Больно было думать о том, что Корделия выросла "совсем некрасивой", что весь этот горячий запас любви тратится на инъекции и порошок против вшей. Когда она приехала, усталая с дороги, довольно дурно одетая, с поступью женщины, которая не заботится о производимом ею впечатлении, я нашел ее действительно некрасивой. Странно, думал я, как одни и те же составные части в разных сочетаниях образуют и Брайдсхеда, и Себастьяна, и Джулию, и ее. Что она их сестра, не вызывало сомнений, но в ней не было грации Себастьяна и Джулии, как не было серьезности Брайди. Она производила впечатление деловой и энергичной женщины, привыкшей к обстановке лагерей и перевязочных пунктов, насмотревшейся на простые и великие страдания и потому утратившей способность к более тонким удовольствиям. На вид ей было много больше ее двадцати шести лет, трудная жизнь огрубила ее; постоянная необходимость изъясняться на чужих языках привела к утрате нюансов родной речи; она сидела у огня, слегка расставив ноги, и когда она сказала: "Хорошо дома", это прозвучало для меня как урчание собаки, укладывающейся вечером на свою подстилку.

Таковы были впечатления первого получаса, обостренные контрастом с белой кожей и шелковистыми мерцающими волосами Джулии и с моими воспоминаниями о ней самой – девочке.

– Моя работа в Испании кончена, – сказала она. – Власти были отменно любезны, выразили благодарность за все, что я сделала, даже дали медаль и выставили меня вон. Но кажется, здесь тоже скоро будет сколько угодно такой же работы. – Потом она спросила: – Еще не поздно подняться к няне?

– Нет, она просиживает до глубокой ночи у своего приемника.

Втроем мы поднялись в бывшую детскую. Мы с Джулией бывали у няни Хокинс каждый день. Она и мой отец оказались единственными людьми, не подверженными никаким переменам, за все время, что я их помнил, ни тот ни другая не постарели и на час. Теперь небольшой радиоприемник прибавился к собранию ее простых удовольствий – к молитвеннику, "Книге пэров", аккуратно обернутой в серую бумагу для лучшей сохранности красного, с золотым тиснением, переплета, фотографиям и каникулярным сувенирам, разложенным на комоде. Когда мы сообщили ей, что собираемся с Джулией пожениться, она сказала: "Ну что ж, милочка, надеюсь, это все к лучшему", – ибо ее религия не позволяла ей сомневаться в правоте поступков Джулии.

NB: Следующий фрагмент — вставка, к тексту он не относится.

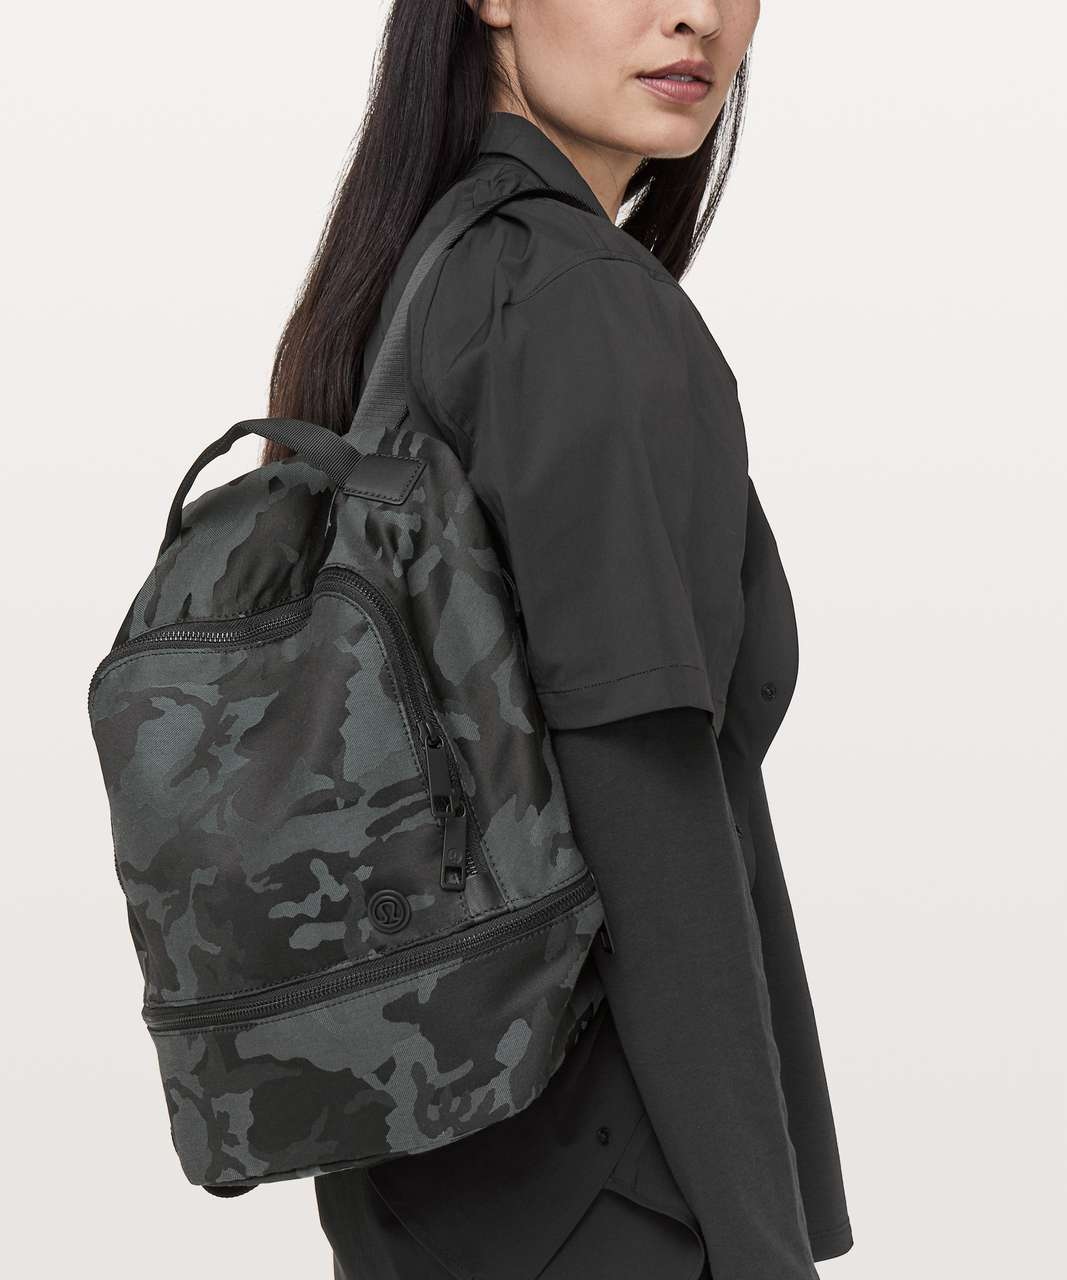 Lululemon City Adventurer Backpack Mini II *10L - Jacquard Camo Cotton Obsidian / Black

Брайдсхед не был ее любимцем. Услышав весть о его помолвке, она заметила: "Долго же он собирался", – а когда ее поиски сведений о родне миссис Маспрэтт по страницам Дебретта оказались бесплодными, заключила: "Ну конечно, поймала она его".

Мы застали ее, как всегда по вечерам, у камина с чашкой чаю на столике и с рукоделием на коленях.

– Я знала, что вы придете, – сказала она. – Мистер Уилкокс послал предупредить меня.

– Я привезла тебе кружев, няня.

– Да, милочка, это очень красивые кружева. Совсем как покойница ее светлость нашивала в церковь. Хотя зачем их делают черными, не могу понять, ведь от природы-то кружева белого цвета. Большое спасибо, деточка, очень мило с вашей стороны.

– Можно, я выключу радио, няня?

– Ну конечно. Я на радостях и не заметила, что оно играет. Что это вы сделали со своими волосами?

– Да, ужасно, я знаю. Теперь, когда я вернулась, надо будет всем этим заняться. Няня, голубушка моя.

Теперь, когда мы сидели и разговаривали и любящие глаза Корделии покоились на всех нас, я начал различать, что и у нее тоже есть своя, особенная красота.

– Я видела Себастьяна месяц тому назад.

– Сколько уж, как он уехал! Здоров ли?

– Да не совсем. Я потому к нему и ездила. Ведь от Испании до Туниса рукой подать. Он там у монахов.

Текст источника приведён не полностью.